▸ **EXERCISE DESCRIPTION**
The expected output is the data below, character for character, without its pictures.

▸ **PROVIDED MATERIAL**
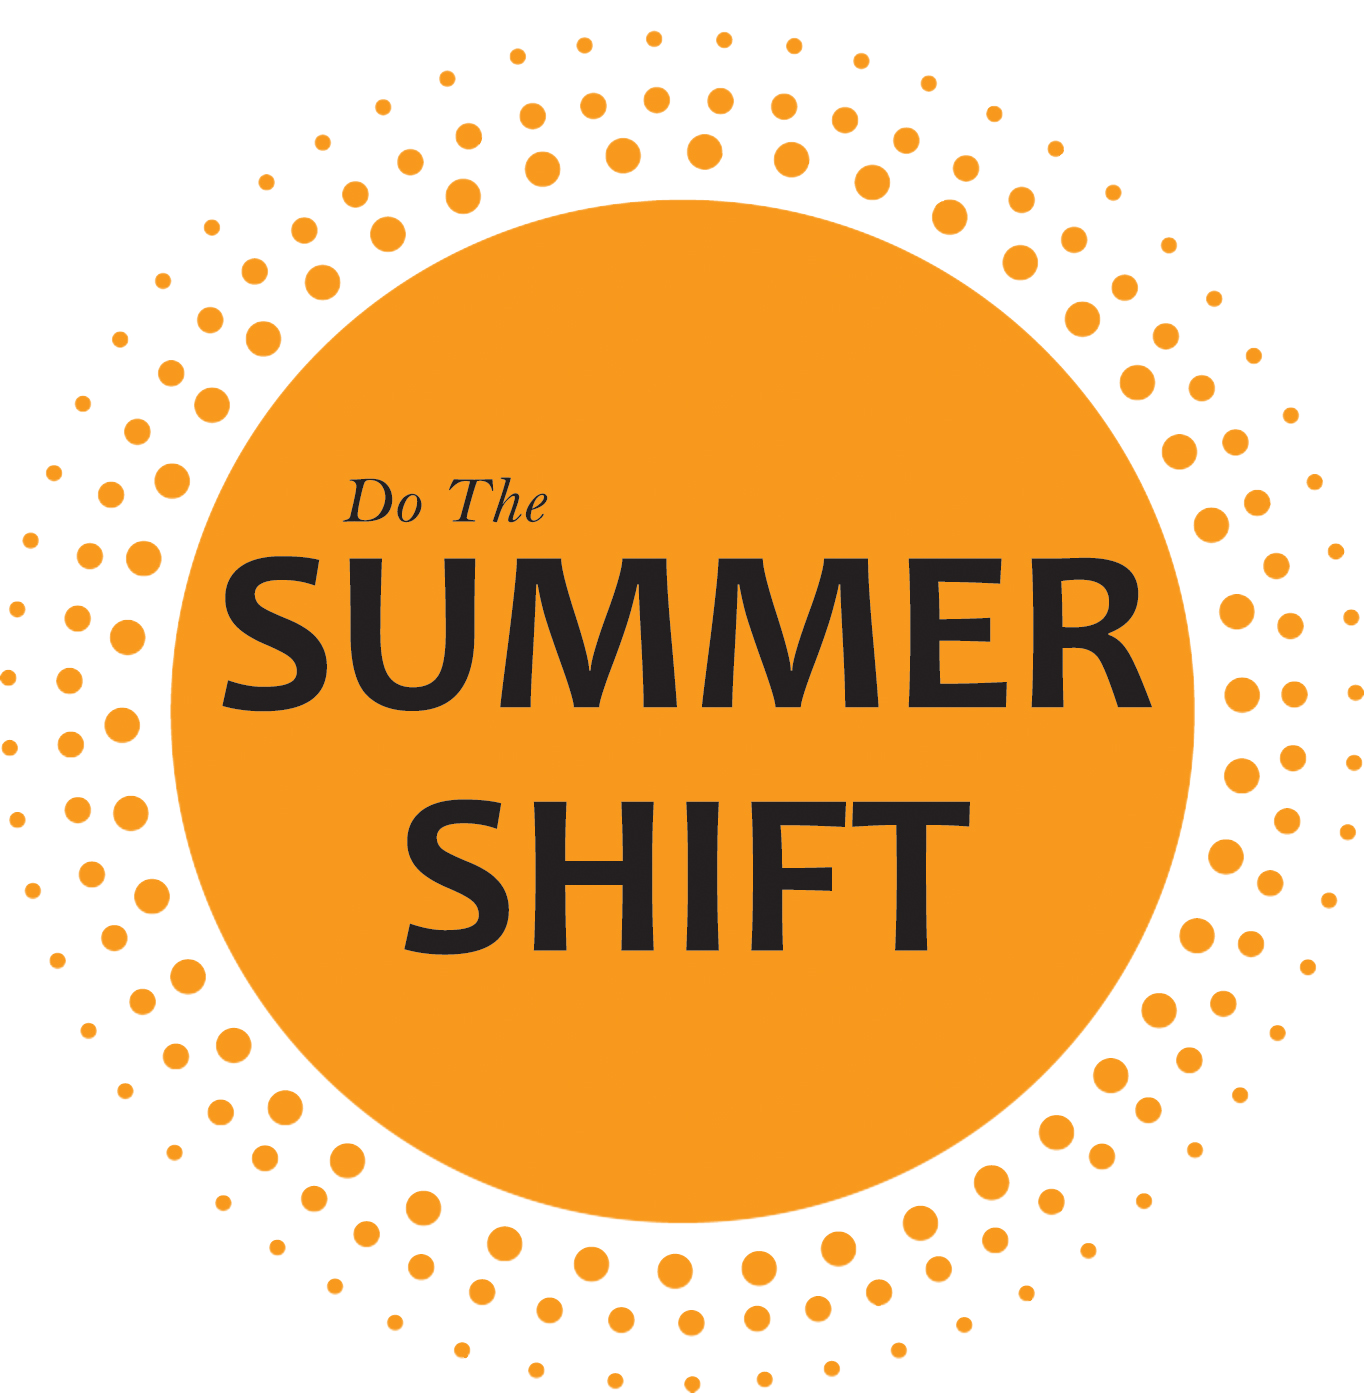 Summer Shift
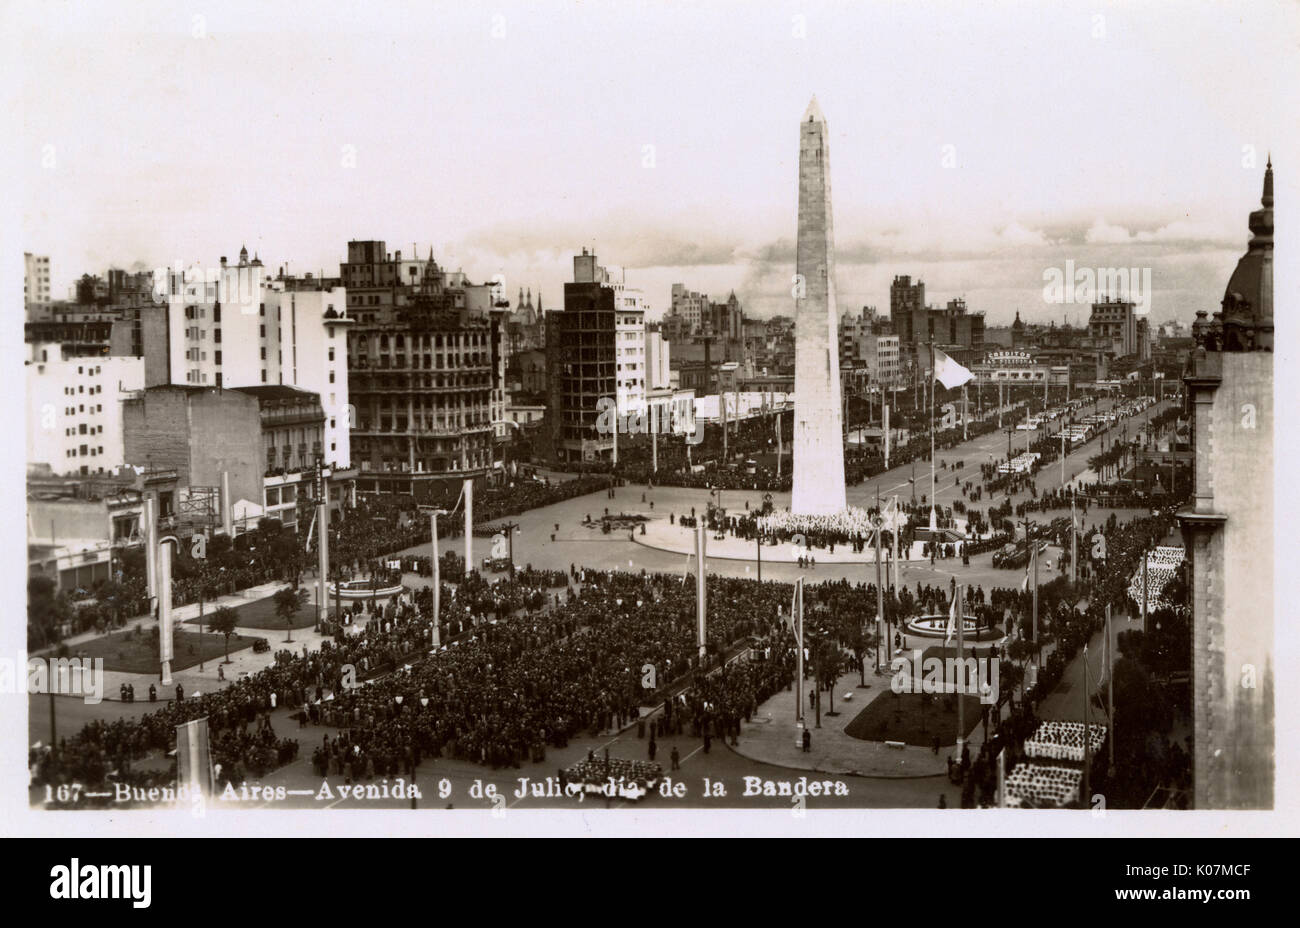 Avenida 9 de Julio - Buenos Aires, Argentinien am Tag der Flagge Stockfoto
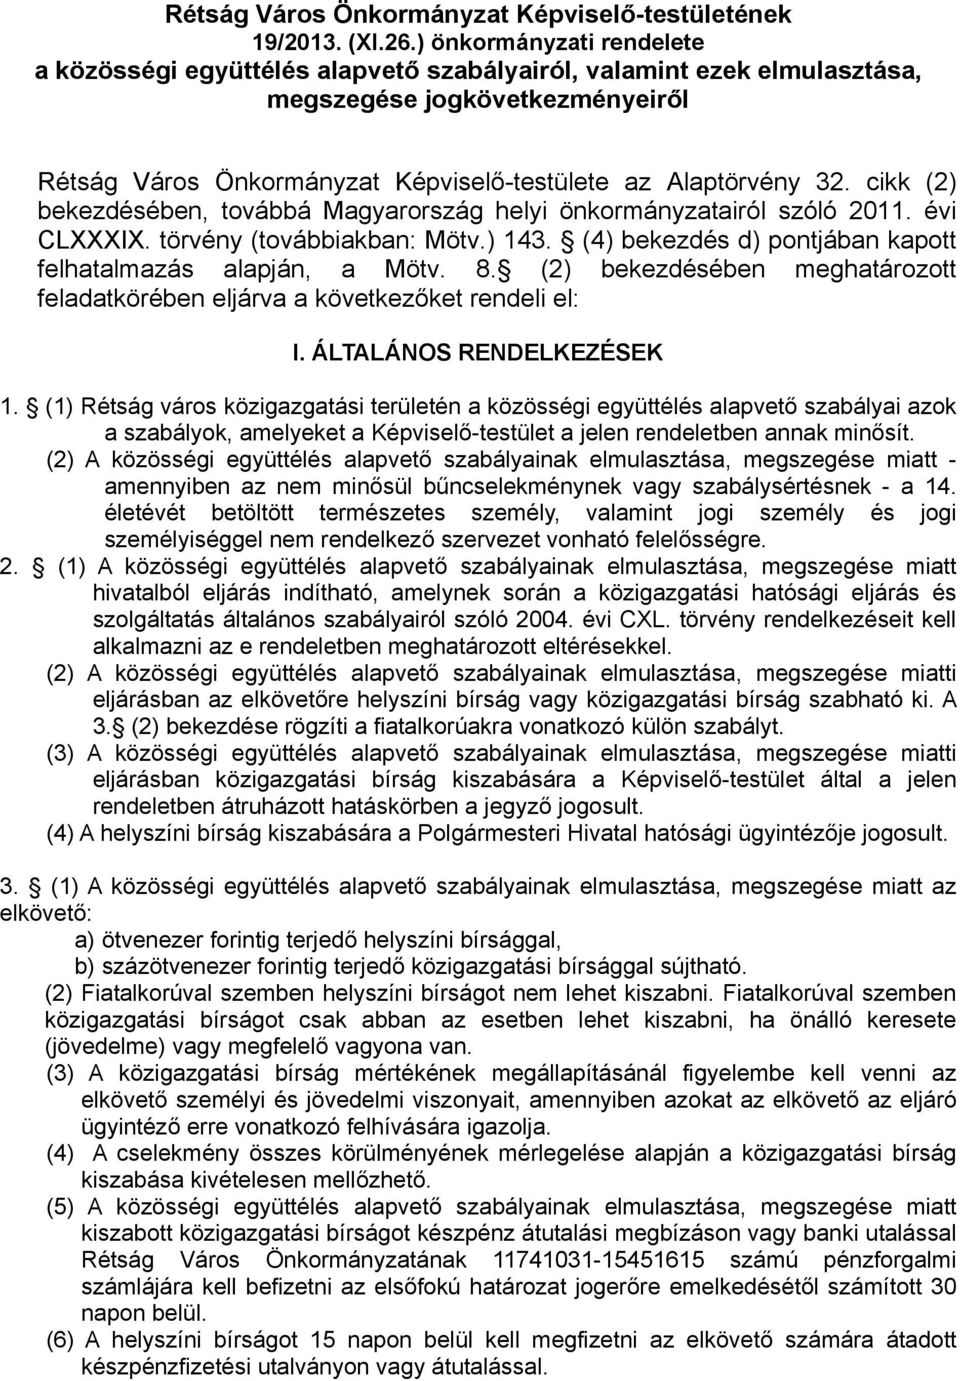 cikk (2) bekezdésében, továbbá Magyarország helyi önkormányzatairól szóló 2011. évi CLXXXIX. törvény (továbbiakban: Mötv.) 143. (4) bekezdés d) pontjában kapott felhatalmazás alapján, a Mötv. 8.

▸ **TASK ANSWER**
 Summer Shift
 Avenida 9 de Julio - Buenos Aires, Argentinien am Tag der Flagge Stockfoto
 cikk (2) bekezdésében, továbbá Magyarország helyi önkormányzatairól szóló 2011. évi CLXXXIX. törvény (továbbiakban: Mötv.) 143. (4) bekezdés d) pontjában kapott felhatalmazás alapján, a Mötv. 8.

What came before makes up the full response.